Since then, it has moved more of its
services to the cloud. The 2014 ICT 50
study ranked Oracle number one in
portfolio strength, and its cloud service
offerings are increasingly responsible
for this.
However, Oracle continues to take a
relatively cautious approach to the cloud.
Its on-premises products still bring in
the vast majority of its revenues and
earnings — thanks in part to its number
two ranking among software firms in
sales and delivery footprint, behind only
SAP. There may be concern within the
company that subscription-based cloud
services will not equal the same revenues
and margins of its ongoing on-premises
offerings. Indeed, Oracle is pursuing a
“path to the cloud” strategy — turning
virtually all of its portfolio of enterprise
software into what is, in effect, an
app store, and thus putting together
among the most comprehensive cloud
products available.
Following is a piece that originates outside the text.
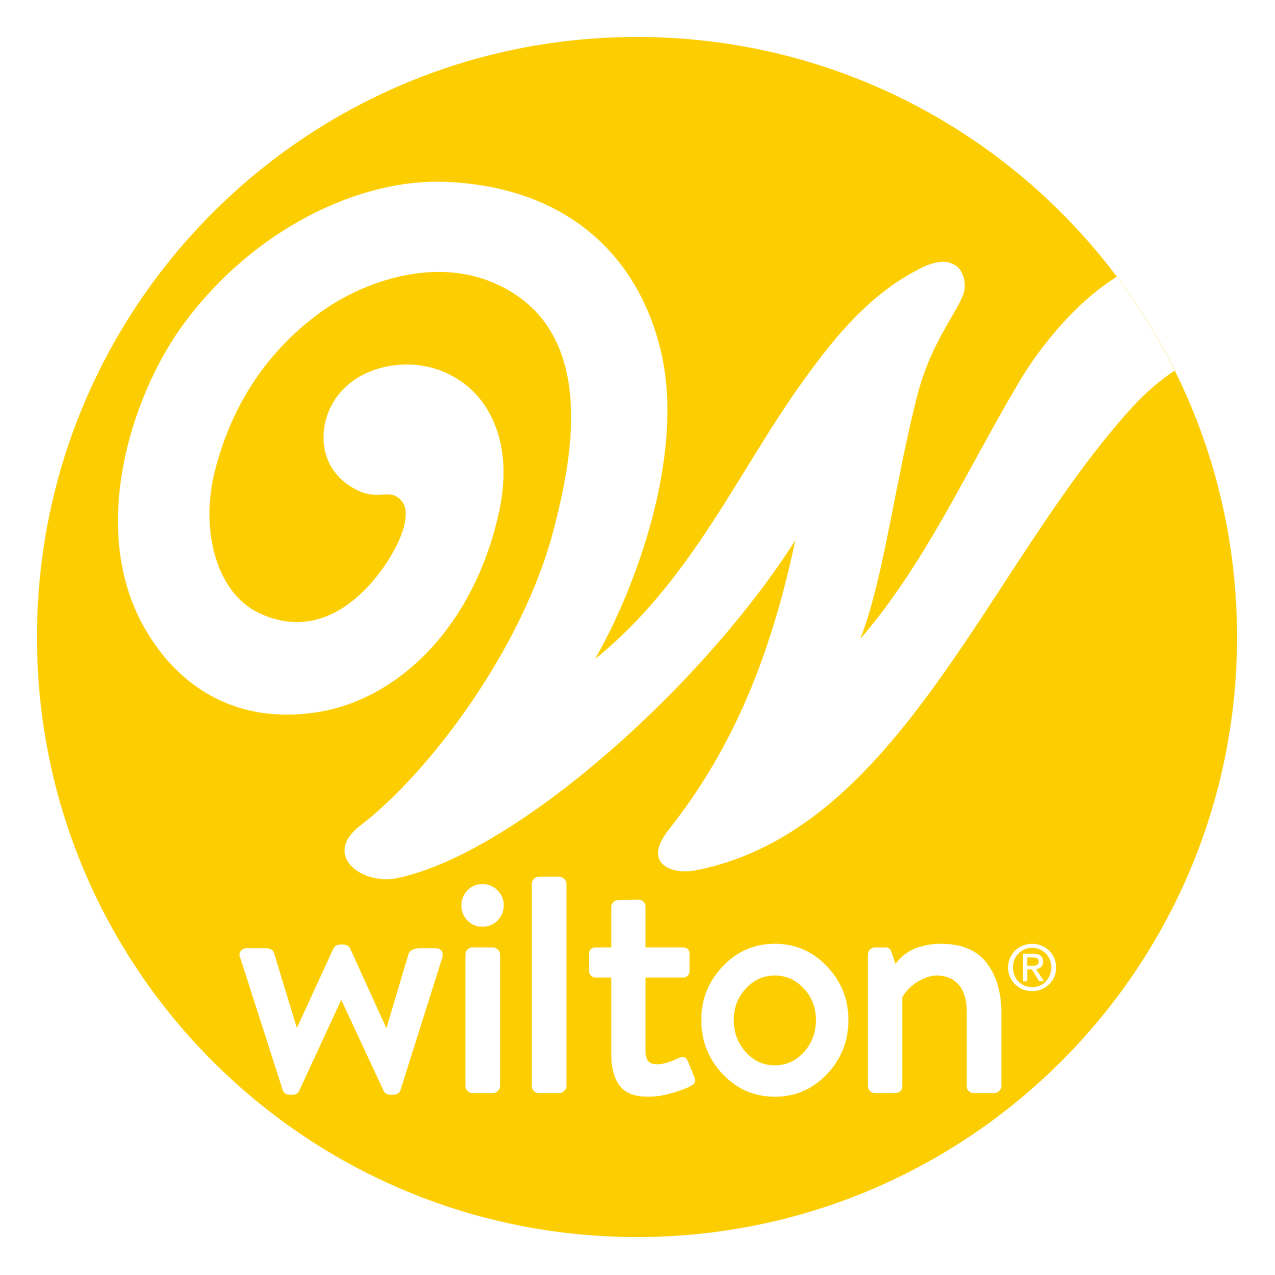 Wilton Introduces New Dessert Drizzles and New Flavors of Decorating Icing Pouches to Make Baking Easy and Delicious this Summer

That lets customers
decide whether to go the cloud route or
maintain the system behind its corporate
firewalls.
Meanwhile, Oracle is transforming
the technology it got though its 2010
purchase of Sun Microsystems into
a range of hardware and software
offerings designed to be the building
blocks of large corporations’ private and
hybrid clouds. And it will soon launch
its own cloud-based database platform
to compete with similar offerings from
Amazon and others. Neither strategy,
however, has produced stellar results
yet. Indeed, both its on-premises and
cloud-based software offerings are
growing relatively slowly; the company
lags behind competitor Salesforce.com
in CRM offerings in the cloud, behind
SAP in other SaaS applications, and
behind Microsoft in delivering office
productivity solutions. Just 3 percent of
Oracle’s annual revenue is derived from
software licenses and subscriptions
from its cloud offerings in 2013.
Following a long list of high-profile
acquisitions — not just Sun but
also PeopleSoft, J.D. Edwards, and
others — Oracle continues to follow a
consolidator strategy, even if it hasn’t
always fully integrated its purchases
into its enterprise solutions. Last year it
bought Responsys, a provider of cloud-based
B2C marketing software, and in
June 2014, it purchased Micros Systems,
a provider of software to the retail
and hospitality industries. Whether it
decides to more tightly integrate all of
its acquisitions into a full-service cloud
offering for enterprises remains to be
seen. But the portfolio is strong, and the
company has a war chest of almost $40
billion to fund the effort. Oracle should
be in a strong position to keep fighting
the battle for the cloud.
25. Strategy& 25
Innovation and brand value
The final component in our ranking of the ICT 50 companies involves
the relative strength of their innovation efforts and the value of their
global brands. Here, the results have not changed a great deal from last
year. The six companies that scored highest in this regard last year
again appeared among the top 10 most innovative companies in the
2013 Strategy& Global Innovation 1000 study. And this year, six of the
top 10 in the ICT 50 also ranked among the top 10 on Interbrand’s 2014
list of the most valuable global brands, and 13 made it onto the list of
the top 100 brands (see Exhibit 7, next page).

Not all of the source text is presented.